La diplomacia de la necesidad

Durante más de dos décadas, el relato oficial venezolano fundamentó su cohesión interna en la confrontación directa contra el «imperialismo estadounidense». Sin embargo, la permanencia en Miraflores exigía resolver la asfixia financiera y el aislamiento diplomático.

La administración de Rodríguez pasó de la condena frontal a la cooperación táctica con Washington, manteniendo canales directos de trabajo con el Departamento de Estado y el Departamento del Tesoro de EE.UU. La Casa Blanca ha apostado por un «pragmatismo utilitario», reconociendo en la cúpula que encabeza Rodríguez la capacidad operativa para mantener el control territorial, la estabilidad institucional y la continuidad administrativa en el país.

Este entendimiento incluyó gestos inéditos en el plano multilateral, como la decisión del gobierno venezolano de tramitar su salida de la Corte Penal Internacional (CPI). La medida fue respaldada explícitamente por voceros del gobierno de Estados Unidos, escenificando una convergencia de intereses entre Caracas y Washington que habría resultado impensable en las etapas previas del movimiento político.

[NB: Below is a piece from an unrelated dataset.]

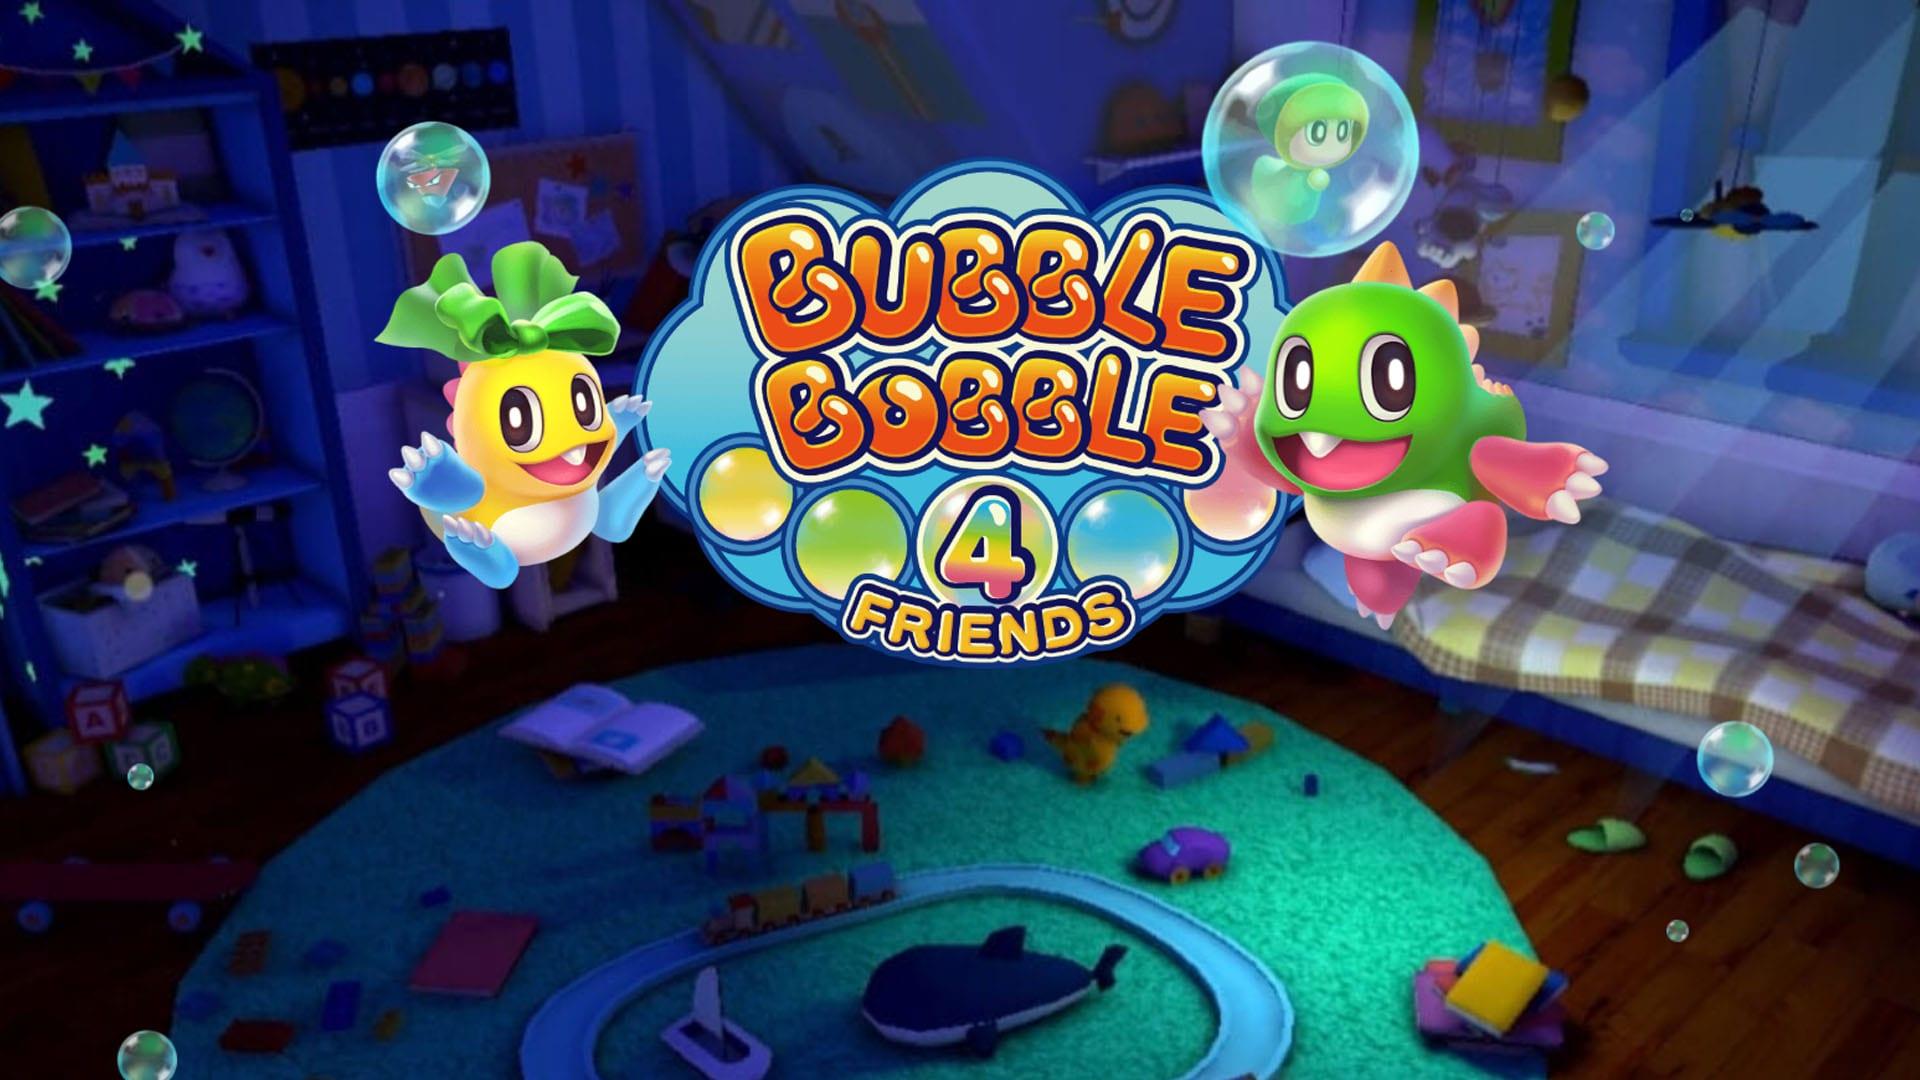 square enix presents, bubble bobble 4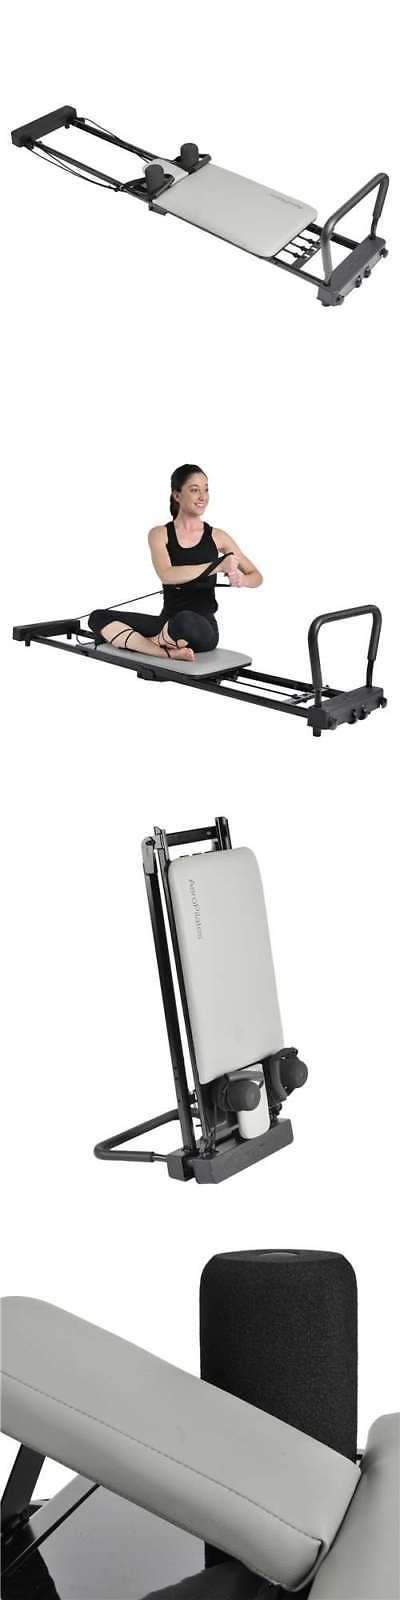 Pilates Tables 179807 Stamina Aeropilates 287 Folding Pilates Workout Reformer Machine Open Box Buy It Now Onl Pilates Workout Pilates Pilates Reformer

Apertura multilateral y la reconciliación con el FMI

Uno de los virajes doctrinales más pronunciados se observa en el ámbito económico y financiero. Durante años, organismos multilaterales como el Fondo Monetario Internacional (FMI), el Banco Mundial y el Banco Interamericano de Desarrollo (BID) fueron calificados por la doctrina oficialista como instrumentos de subordinación colonial.

Ante los retos de reconstrucción de infraestructura provocados por la crisis climática y los eventos sísmicos de 2026, la presidenta encargada restableció de manera formal las conversaciones con el FMI tras una pausa de seis años. El Ejecutivo activó mesas técnicas con el Fondo Monetario Internacional y el Banco Mundial para gestionar el uso de reservas, solicitar fondos no reembolsables y habilitar líneas de crédito destinadas a la recuperación del país.

La celebración pública de estos acercamientos demuestra cómo la urgencia presupuestaria y la supervivencia institucional neutralizan los vetos doctrinales que en el pasado paralizaron la economía nacional.

Asistencia técnica de Israel y giro geopolítico

El cambio de prioridades geopolíticas también se refleja en el ámbito de las relaciones bilaterales. Mientras que la diplomacia venezolana sostuvo durante más de quince años una postura de ruptura explícita y condena hacia el Estado de Israel, la necesidad de evaluar y recuperar infraestructuras colapsadas motivó la recepción directa de brigadas y equipos especializados israelíes en territorio nacional.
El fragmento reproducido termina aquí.